Description: Google Arts & Culture is about exploring various cultures, people, and places influential in shaping the world we know today. Though the app has been around since 2016, it gained popularity, most recently, due to an update that allowed users to take selfies which Google would then attempt to match with art pieces from museums around the globe. Aside from the fun selfie feature (which, right now, is only available in the U.S.), users are able to virtually explore museums and spaces around the world, search for artists and collections, and read inspiring stories of current people impacting their communities today.
What do parents need to know about the Google Arts & Culture App?
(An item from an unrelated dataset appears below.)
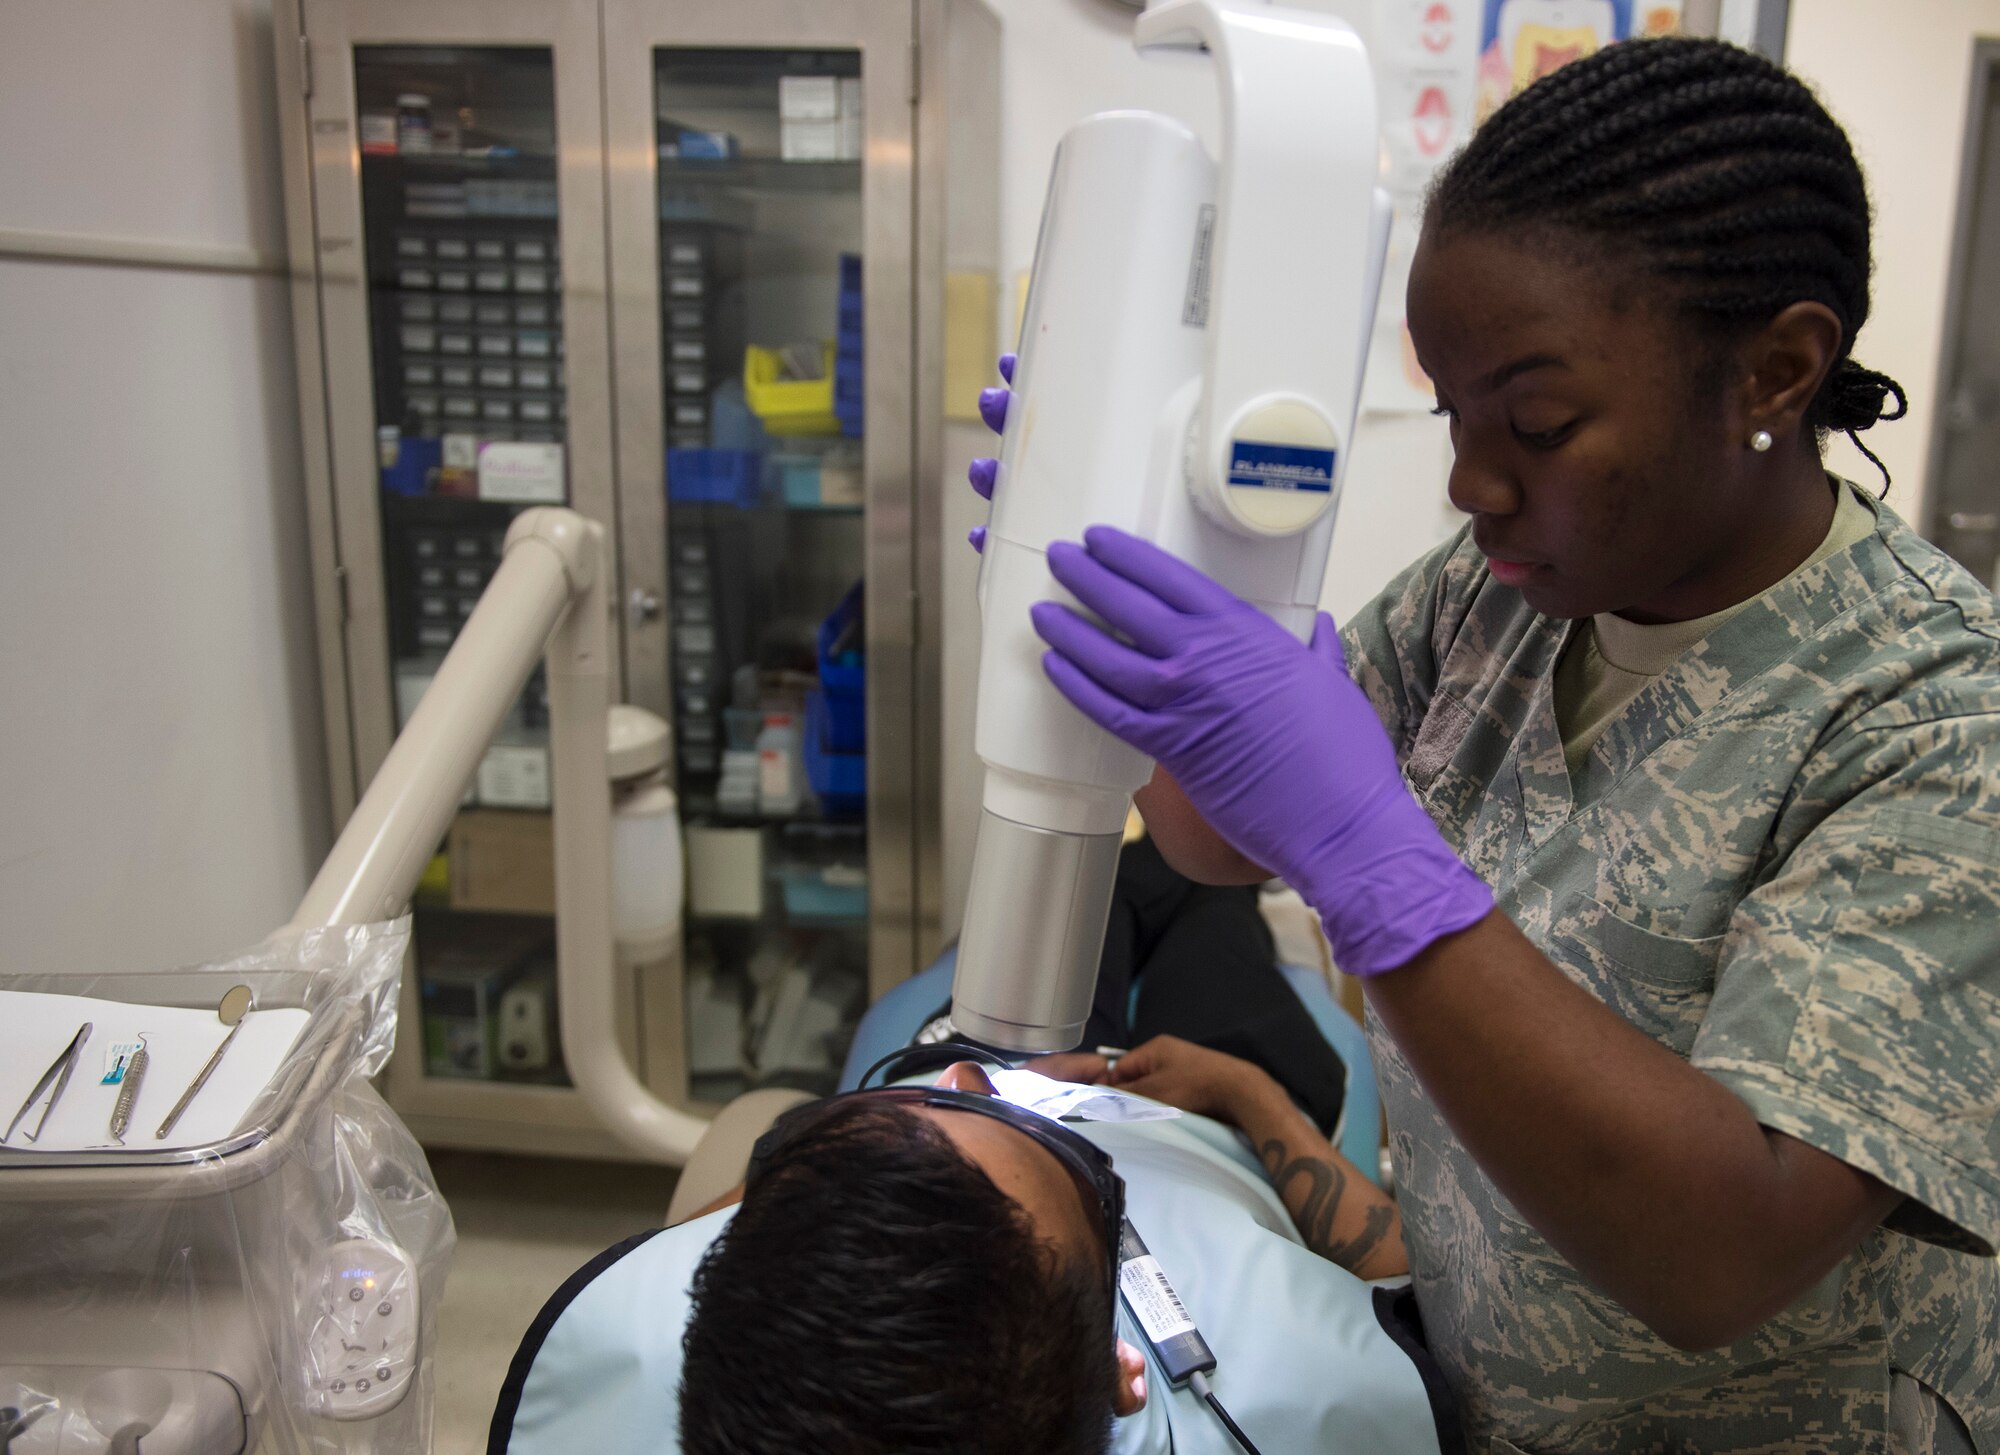 U.S. Air Force Senior Airman Breauna Robinson, a dental assistant with the 379th Expeditionary Medical Operations Squadron, prepares a patient for an x-ray at Al Udeid Air Base, Qatar, May 15, 2017. Airmen assigned to the dental section provide a wide range of services to include examinations, diagnosis and basic treatments of problems relating to the tooth or the mouth. (U.S. Air Force photo by Tech. Sgt. Amy M. Lovgren)

The app makes learning a little more fun. With VR growing in popularity, the idea of being able to “step into” spaces from around the world with an app is exciting and interesting. It provides a sense of adventure and education to the user but costs much less than traveling there in person.
Geo access is necessary to use one of the features. The “Nearby” feature exists for users to be able to find museums and cultural events near them. The app can make recommendations to users when the location is turned on.
The app has faced criticism for being racist. With people from many different ethnic backgrounds, some have expressed disappointment that the app doesn’t show much support of their history. A reviewer from Mashable stated, “It doesn’t work very well for people of color and includes few artists from Latin America or places outside of Europe. So, if you’re Mexican-American, like me, and you’re looking to have some fun with the app… well, good luck!”
Art and expression can sometimes show a provocative side to life. While many of the photos, art pieces, and stories in the app wouldn’t be offensive or shocking to some, because it’s art, parents just need to be aware of some tasteful nudity.
Google Arts & Culture bottom line – is it safe for my kid?
Knowing your kid’s maturity level is key. There are some pretty cool aspects we really like about this app; users can “explore” the world of art in a fun way. But, with most good things, there can be risk too. Exposure to some of the content or material for some twelve-year olds might be a bit too much.
If you choose to let your child use this app, plan to have continued conversation about the art they’re viewing and things they’re reading in order to offer a framework for thinking and analyzing this information in a healthy and positive way.